INPUT FOR THIS TASK section start
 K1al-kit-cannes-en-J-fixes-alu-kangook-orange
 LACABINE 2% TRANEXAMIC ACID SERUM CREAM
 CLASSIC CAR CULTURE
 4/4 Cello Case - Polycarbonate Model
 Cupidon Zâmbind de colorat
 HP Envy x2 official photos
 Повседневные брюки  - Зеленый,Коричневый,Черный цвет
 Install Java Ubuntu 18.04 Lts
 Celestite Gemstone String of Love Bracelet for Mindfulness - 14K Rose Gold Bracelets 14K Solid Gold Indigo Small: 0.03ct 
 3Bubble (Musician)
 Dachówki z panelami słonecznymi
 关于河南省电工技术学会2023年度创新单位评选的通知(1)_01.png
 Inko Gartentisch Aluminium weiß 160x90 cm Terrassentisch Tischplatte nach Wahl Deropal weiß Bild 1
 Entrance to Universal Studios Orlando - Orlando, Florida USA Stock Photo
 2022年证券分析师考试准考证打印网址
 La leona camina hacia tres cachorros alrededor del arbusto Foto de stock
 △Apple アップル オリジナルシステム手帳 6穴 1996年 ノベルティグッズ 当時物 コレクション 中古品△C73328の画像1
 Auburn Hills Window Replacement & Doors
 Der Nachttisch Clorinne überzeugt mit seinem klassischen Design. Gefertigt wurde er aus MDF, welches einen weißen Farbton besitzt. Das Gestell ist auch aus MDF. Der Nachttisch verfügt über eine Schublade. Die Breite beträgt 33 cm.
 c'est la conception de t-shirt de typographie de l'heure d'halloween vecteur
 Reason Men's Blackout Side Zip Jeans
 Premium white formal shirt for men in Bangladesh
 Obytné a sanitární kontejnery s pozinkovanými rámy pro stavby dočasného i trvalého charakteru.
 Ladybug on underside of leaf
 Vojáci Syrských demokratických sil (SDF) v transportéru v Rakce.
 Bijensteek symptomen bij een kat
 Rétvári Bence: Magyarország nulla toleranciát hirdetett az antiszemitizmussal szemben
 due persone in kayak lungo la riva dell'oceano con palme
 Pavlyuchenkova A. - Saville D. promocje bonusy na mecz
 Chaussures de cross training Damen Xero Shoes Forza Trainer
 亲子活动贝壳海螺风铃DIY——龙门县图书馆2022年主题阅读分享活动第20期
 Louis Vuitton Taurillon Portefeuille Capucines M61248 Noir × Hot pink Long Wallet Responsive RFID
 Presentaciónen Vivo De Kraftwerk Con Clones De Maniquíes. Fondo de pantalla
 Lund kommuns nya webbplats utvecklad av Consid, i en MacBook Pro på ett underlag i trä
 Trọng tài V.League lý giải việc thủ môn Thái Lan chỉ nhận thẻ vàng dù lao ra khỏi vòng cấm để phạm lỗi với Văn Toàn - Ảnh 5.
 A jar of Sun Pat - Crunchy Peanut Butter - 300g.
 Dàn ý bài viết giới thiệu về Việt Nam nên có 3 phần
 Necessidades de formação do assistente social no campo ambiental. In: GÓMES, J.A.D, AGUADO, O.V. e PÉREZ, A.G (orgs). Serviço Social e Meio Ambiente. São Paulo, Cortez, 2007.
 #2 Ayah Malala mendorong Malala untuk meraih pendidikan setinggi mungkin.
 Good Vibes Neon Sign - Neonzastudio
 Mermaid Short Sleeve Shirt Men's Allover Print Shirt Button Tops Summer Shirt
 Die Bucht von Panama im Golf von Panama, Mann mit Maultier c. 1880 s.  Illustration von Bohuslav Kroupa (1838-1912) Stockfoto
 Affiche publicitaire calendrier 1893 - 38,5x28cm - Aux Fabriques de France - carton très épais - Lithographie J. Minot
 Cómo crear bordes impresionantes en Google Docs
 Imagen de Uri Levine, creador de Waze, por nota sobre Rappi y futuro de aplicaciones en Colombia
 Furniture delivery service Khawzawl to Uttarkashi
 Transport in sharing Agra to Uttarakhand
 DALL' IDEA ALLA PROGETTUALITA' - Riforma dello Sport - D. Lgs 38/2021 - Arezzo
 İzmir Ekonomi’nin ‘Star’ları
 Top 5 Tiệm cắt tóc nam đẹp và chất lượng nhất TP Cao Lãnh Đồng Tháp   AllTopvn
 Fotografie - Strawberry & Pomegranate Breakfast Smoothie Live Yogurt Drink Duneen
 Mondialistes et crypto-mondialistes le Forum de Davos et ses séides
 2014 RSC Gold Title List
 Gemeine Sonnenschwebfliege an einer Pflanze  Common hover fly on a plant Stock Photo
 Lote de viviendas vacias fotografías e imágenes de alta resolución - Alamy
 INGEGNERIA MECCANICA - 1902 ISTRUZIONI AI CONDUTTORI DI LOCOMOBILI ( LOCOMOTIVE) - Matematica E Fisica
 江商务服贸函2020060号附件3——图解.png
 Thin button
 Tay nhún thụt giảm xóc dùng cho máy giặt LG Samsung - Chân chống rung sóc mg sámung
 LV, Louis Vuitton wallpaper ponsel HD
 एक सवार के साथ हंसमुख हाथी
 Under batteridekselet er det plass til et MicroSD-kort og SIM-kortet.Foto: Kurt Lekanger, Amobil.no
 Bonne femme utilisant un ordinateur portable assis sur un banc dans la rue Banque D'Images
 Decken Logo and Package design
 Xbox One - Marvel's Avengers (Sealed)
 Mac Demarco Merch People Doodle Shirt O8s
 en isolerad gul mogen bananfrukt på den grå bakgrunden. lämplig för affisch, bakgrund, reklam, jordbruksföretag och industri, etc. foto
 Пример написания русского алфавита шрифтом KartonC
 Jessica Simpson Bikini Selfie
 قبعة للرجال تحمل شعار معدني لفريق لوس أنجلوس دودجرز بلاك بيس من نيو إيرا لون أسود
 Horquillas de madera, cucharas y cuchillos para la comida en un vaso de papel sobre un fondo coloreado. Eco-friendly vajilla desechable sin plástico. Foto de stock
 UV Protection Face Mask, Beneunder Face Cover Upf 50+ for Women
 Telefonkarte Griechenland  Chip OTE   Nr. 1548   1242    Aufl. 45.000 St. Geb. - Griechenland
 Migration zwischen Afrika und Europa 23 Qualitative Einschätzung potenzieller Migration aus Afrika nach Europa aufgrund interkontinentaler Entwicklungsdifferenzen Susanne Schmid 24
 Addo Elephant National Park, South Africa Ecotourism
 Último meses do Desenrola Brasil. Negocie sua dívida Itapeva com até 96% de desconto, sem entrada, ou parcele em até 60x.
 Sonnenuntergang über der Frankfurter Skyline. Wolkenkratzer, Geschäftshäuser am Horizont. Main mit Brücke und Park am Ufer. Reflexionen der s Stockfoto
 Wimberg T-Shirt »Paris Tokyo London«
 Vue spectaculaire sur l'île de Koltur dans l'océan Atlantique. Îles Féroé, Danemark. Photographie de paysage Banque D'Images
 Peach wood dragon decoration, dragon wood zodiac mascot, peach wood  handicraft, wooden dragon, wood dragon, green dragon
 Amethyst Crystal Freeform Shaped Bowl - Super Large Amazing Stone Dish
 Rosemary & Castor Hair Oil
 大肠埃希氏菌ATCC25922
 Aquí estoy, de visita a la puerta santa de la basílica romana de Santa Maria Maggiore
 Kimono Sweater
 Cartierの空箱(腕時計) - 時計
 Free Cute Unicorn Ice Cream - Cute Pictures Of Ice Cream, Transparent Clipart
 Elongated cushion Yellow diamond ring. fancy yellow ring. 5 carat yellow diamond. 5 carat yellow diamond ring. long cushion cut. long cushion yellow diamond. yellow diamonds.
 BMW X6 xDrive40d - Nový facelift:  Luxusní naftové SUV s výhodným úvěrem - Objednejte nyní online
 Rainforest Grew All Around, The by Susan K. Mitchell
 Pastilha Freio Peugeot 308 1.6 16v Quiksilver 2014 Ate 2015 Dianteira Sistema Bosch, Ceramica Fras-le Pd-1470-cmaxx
INPUT FOR THIS TASK section end
● TASK REQUIREMENTS
How many of the lines above contain the word "Banque"? Give the number alone.

● YOUR SOLUTION
2